When you say that you have done "everything" what do you mean?
Have you tried swimming? Chiropractics? Accupuncture? Laying on your back with your head below your feet?

I would start with regular Chiropractic visits with a chiropractor certified in the Webster technique. Going at least 3 times a week would be best. At 38 weeks I would start with accupuncture. For *me* if the baby was still breech I would think that is the way the baby really wants to be and plan another homebirth with a midwife that is not afraid of breech.

Good luck!
Keri


----------



## lovebugmama (May 23, 2003)

Moxibustion is another option that I have heard has quite a good success rate.
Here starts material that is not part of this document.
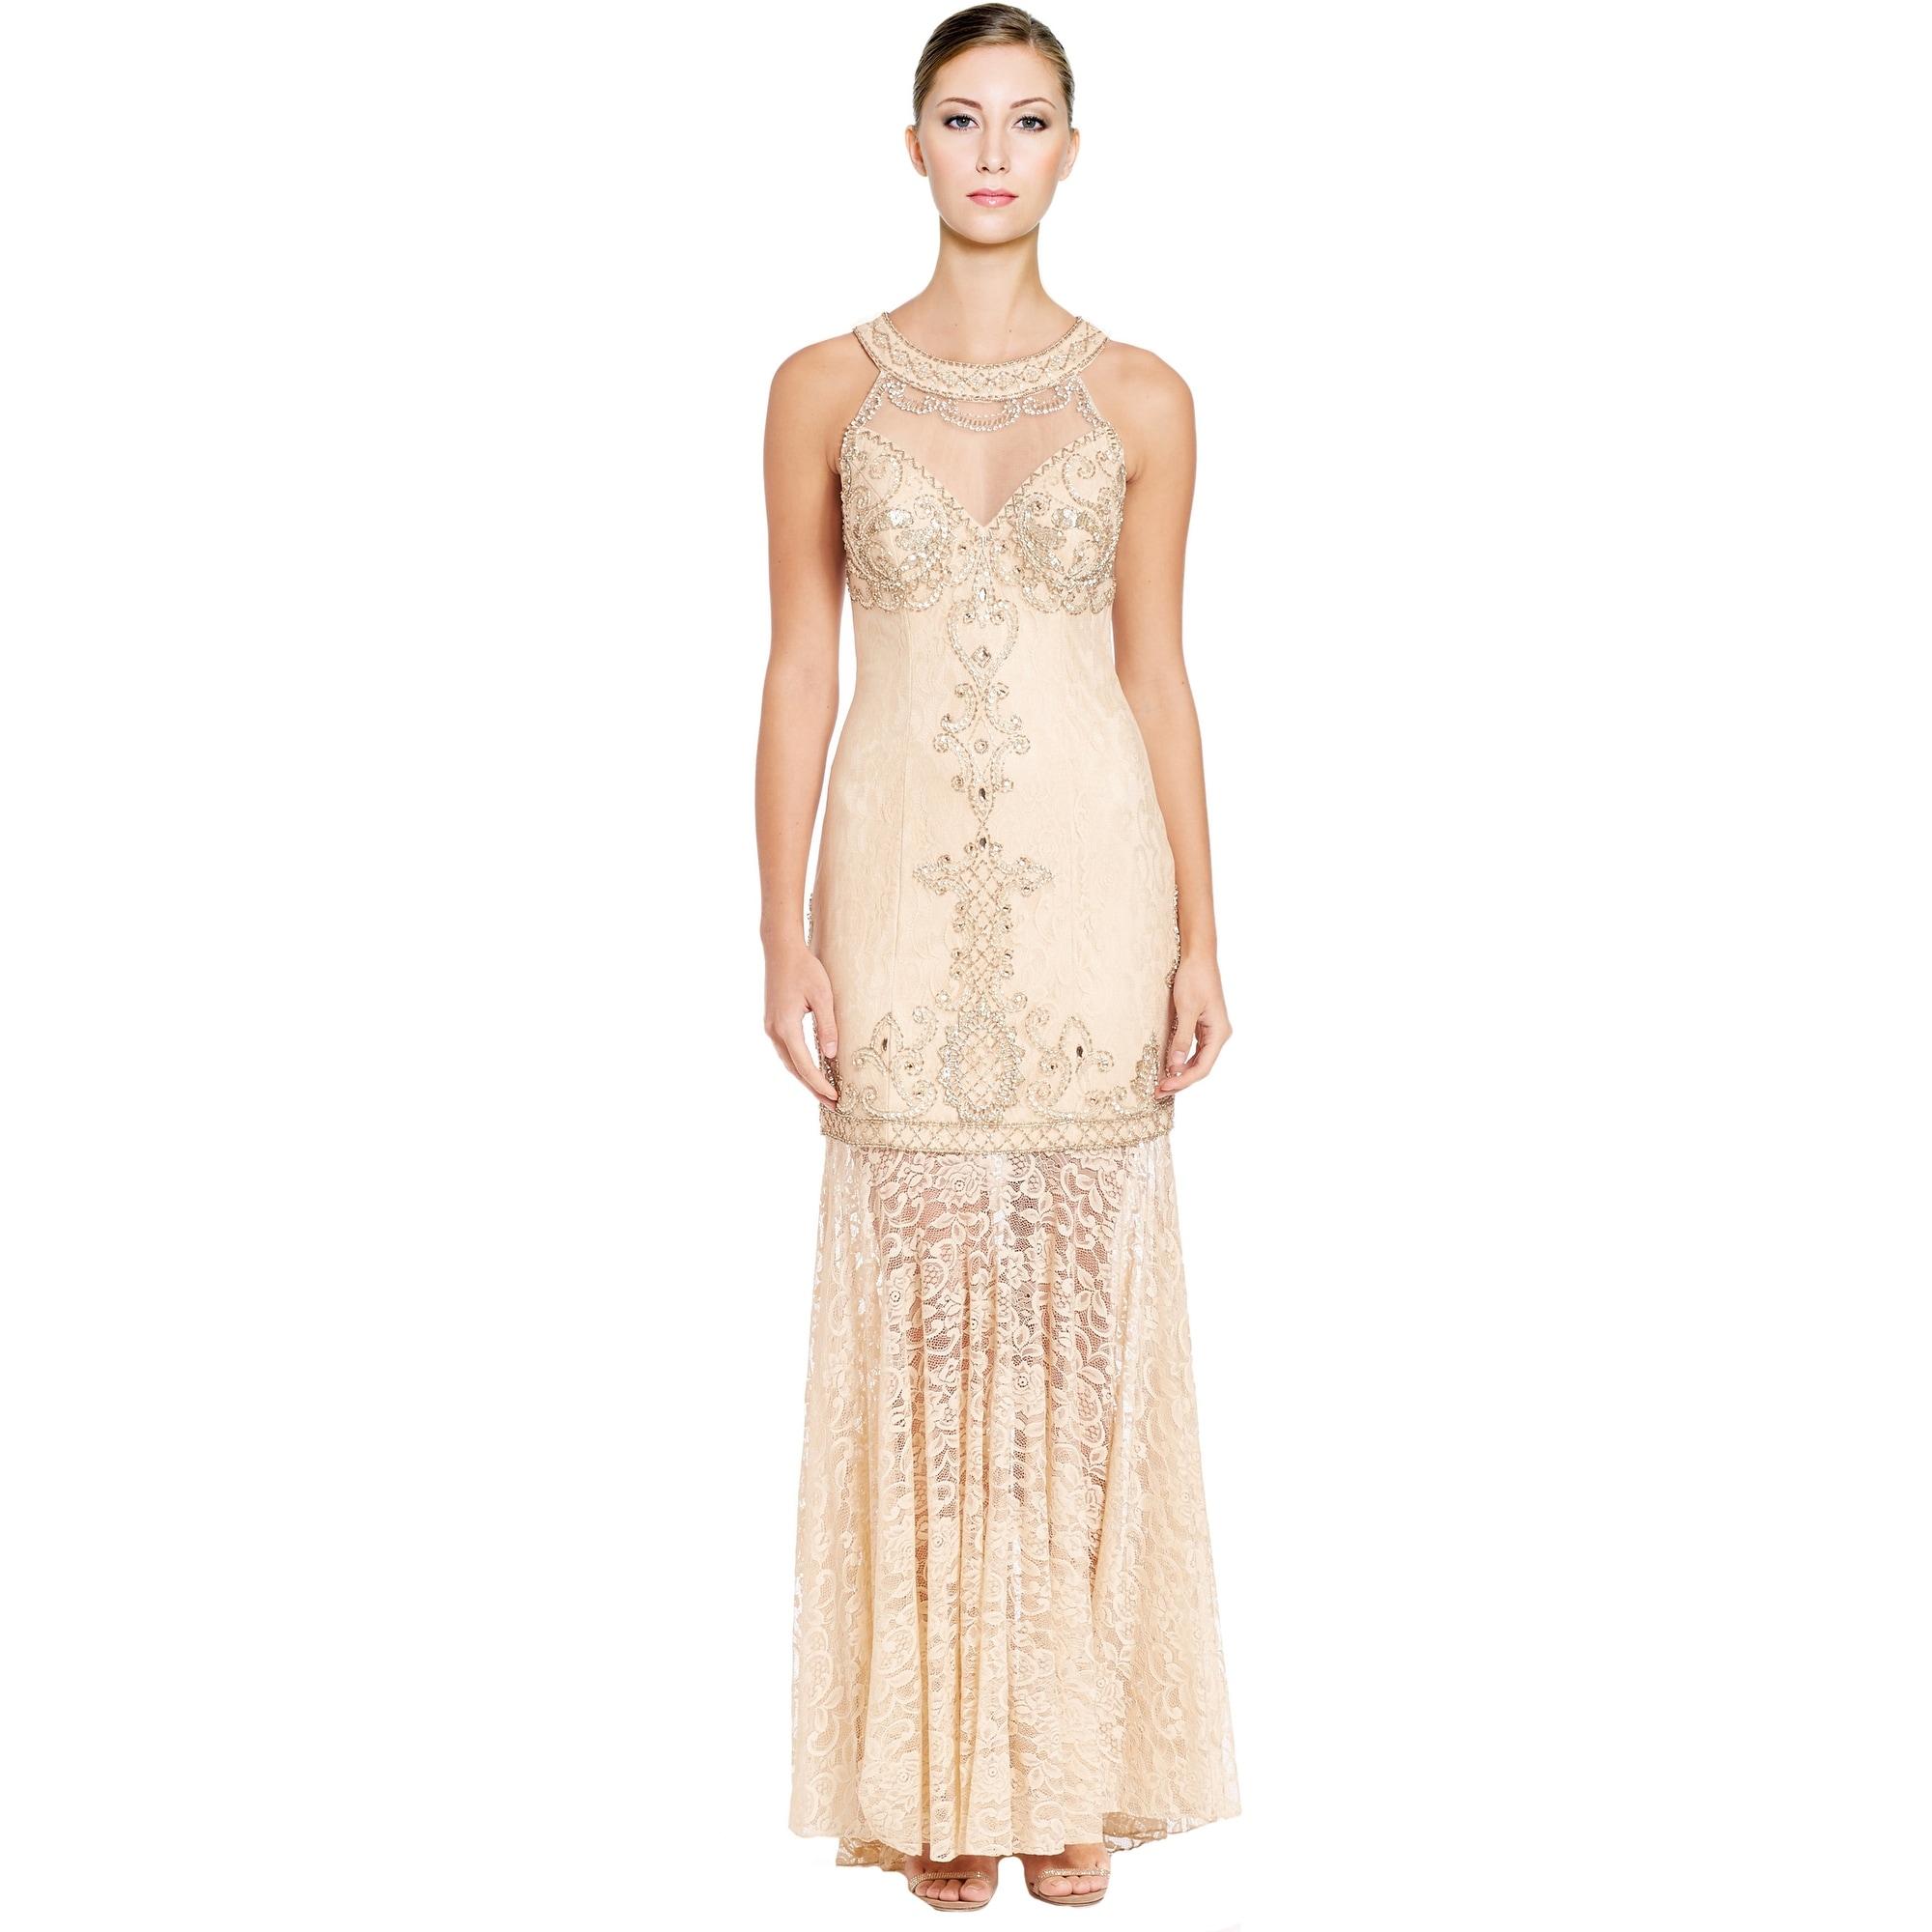 Sue Wong Embellished Lace Illusion Yoke Halter Evening Gown Dress ...

You may be able to find an accupressure or accupuncturist that can perform this on you. Good luck!

BTW, I also believe that a persistent breech stays that way because for some reason it needs to (cord position, etc.).


----------



## erin_brycesmom (Nov 5, 2005)

You need to try Webster through a chiro. It has a high success rate and no risks. You may need to try it several times. I started at 37 weeks when my ds was breech. check out www.icpa4kids.com to find someone who is certified in your area. A few days isn't enough time to try everything, you'll get there mama









~Erin


----------



## GatorNNP (May 17, 2004)

I had a breech baby and found out at 41+ weeks. I can say I tried many things. I would have to say that the child was large (8-12oz) and he is also a very mellow fellow (the annoy the baby into moving tricks didn't work).
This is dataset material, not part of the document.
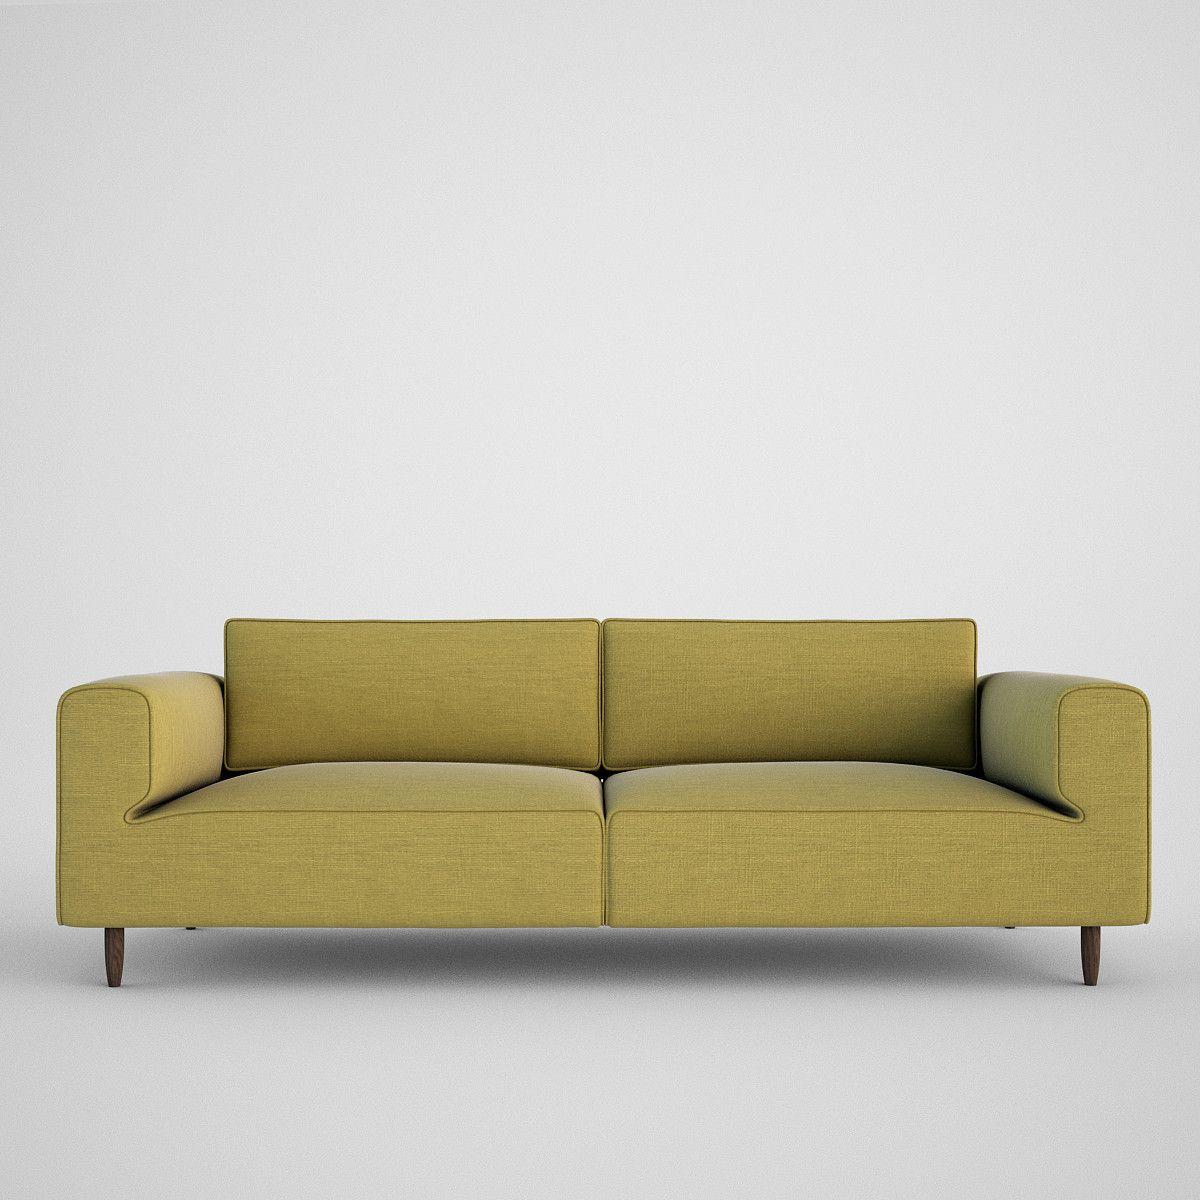 Wonderful Boconcept Sofa Acro

I suspect that he just happened to like a certain position, and I had fairly tight abd muscles and he got big and didn't turn in time and then sort of got stuck and kept on getting bigger. He would not move because I think there was not enough room for him to turn that late in the game. He would get part of the way moved but his head just wouldn't go below the navel area, I think it was getting stuck on the pelvic bone crest. If I had more time I may have contacted the "farm".

I opted for the c/sec since I was concerned that he wouldn't turn, and he was double footling breech for which the chance of a cord falling through is higher.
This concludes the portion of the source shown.